Right then and there Felix decided he had to experiment on how a circular economy works instead of just speaking about it in theory. He developed a company named, “Chop Value” to create cutting boards and coasters out of disposable chopsticks. Chopsticks are usually made from bamboo and his staff collects about 350,000 chopsticks from restaurants in Vancouver every week and they have so far totaled 70 million pieces to date. High heat and pressure at his microfactory turn his chopsticks into a variety of new products ranging from desks, wall panels, cutting boards and even stairs.

QR Codes

These codes help consumers learn more about the products they purchase. Patagonia, a clothing company, has found a new use for QR codes. Jennifer Patrick, the head of branding and packaging, identifies it as a way to keep track of what happens to the products they manufacture. By placing the QR code directly on the product instead of the tag, the voyage of the product from production to sale will keep the product from ending up in a landfill. By scanning the code into the computer, the consumer and the manufacturer keep close ties on what happens to the product. For example, someone purchases a sweater and after a while decides that they don’t want any more they will get information from Patagonia or another involved company where their sweater originated. They can find out if their sweater can be returned for reusage just like the laser cartridges.
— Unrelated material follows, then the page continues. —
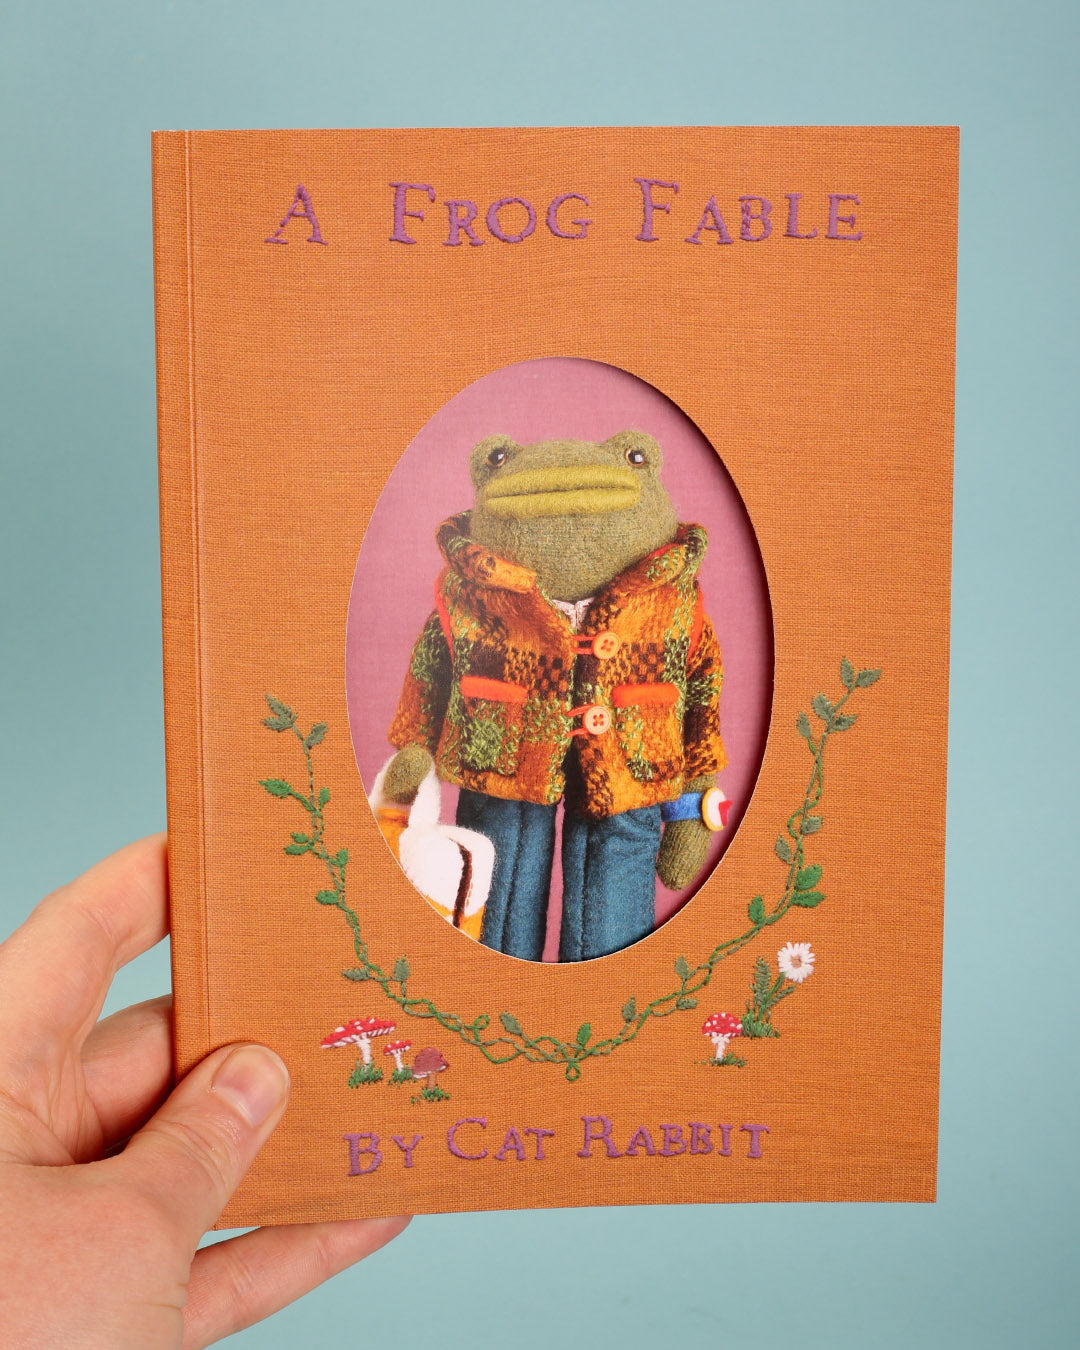 Cat Rabbit - A Frog Fable Book

Another company that is hopping on the circular supply chain is the iconic, Ralph Lauren which symbolizes the American consumer. A Lauren product, called “Cradle to Cradle Certified Gold Luxury Cashmere Sweater” is a product with a commitment to circular economics. By a level multilevel process for certification, it is connected to a channel that lets people recycle any one hundred percent cashmere product that they no longer want even if it is not a Lauren brand.

Final Words

If these types of relationships between consumer and manufacturer succeed in developing this is a perfect way to prevent clothes that are no longer needed from ending up in landfills and garbage dumps. Companies are learning how to recycle fabrics and use them to make brand new garments. Next time you see a label or QR code stating that your new item is made from recyclable material, don’t despair if it is sanitary and new. It is just one of the remarkable ways that innovators are making the turnaround from a linear supply chain to a circular one.
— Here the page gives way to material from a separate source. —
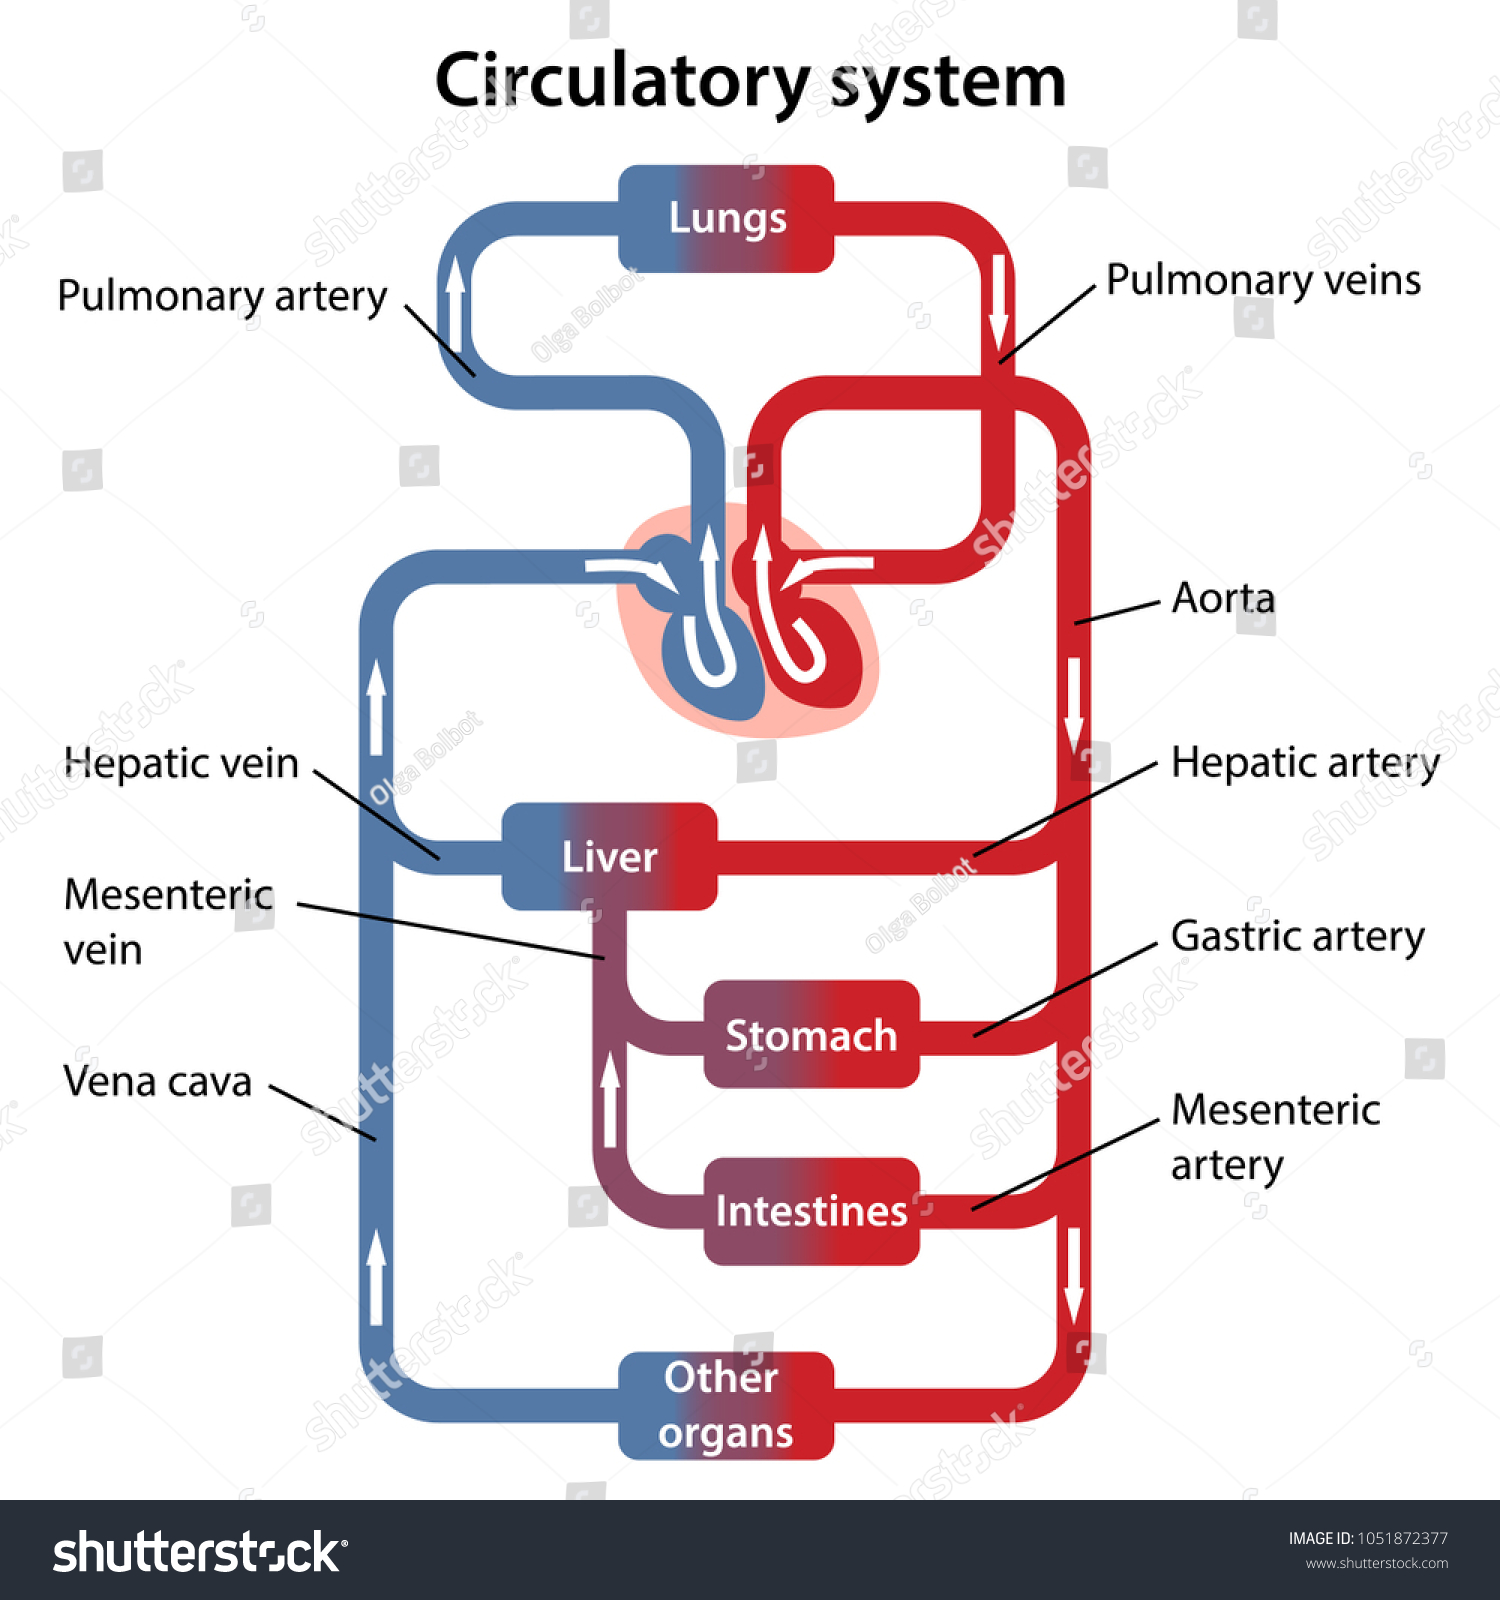 Circulatory System Labeled Diagram | World of Reference

We have touched on, but a few examples of how large and successful companies are reusing their old products to make new ones. The time is right for consumers to hop on the bandwagon. Because of all the problems with the global supply chain people have realized how we rely on the rest of the world for both our vital products and our luxuries. They are more willing to team up with retailers and extend these new technologies to other parts of our world.